### EXERCISE REQUIREMENTS
The records below hold a stretch from the line with "la quinta inn" through the line with "Villarreal vs real"; return exactly those lines, ends included, and nothing more.

### EXTRACTED MATERIAL
*** Block opens ***
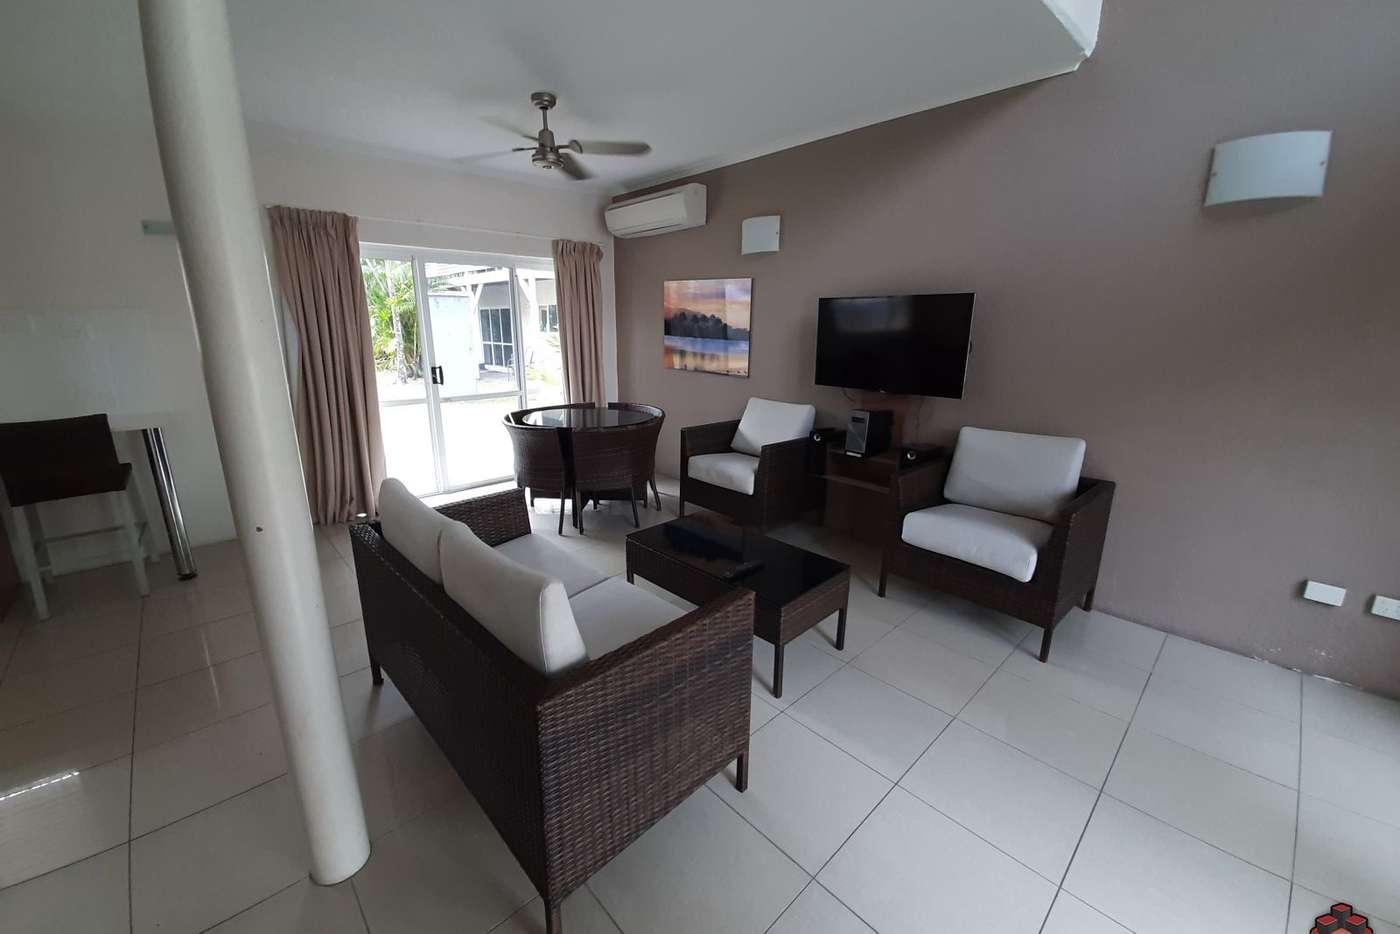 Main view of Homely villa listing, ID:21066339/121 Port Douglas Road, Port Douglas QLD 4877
*** Block closes ***
*** Block opens ***
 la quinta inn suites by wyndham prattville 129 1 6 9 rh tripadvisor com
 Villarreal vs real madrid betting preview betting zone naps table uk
*** Block closes ***
### YOUR RESPONSE
 la quinta inn suites by wyndham prattville 129 1 6 9 rh tripadvisor com
 Villarreal vs real madrid betting preview betting zone naps table uk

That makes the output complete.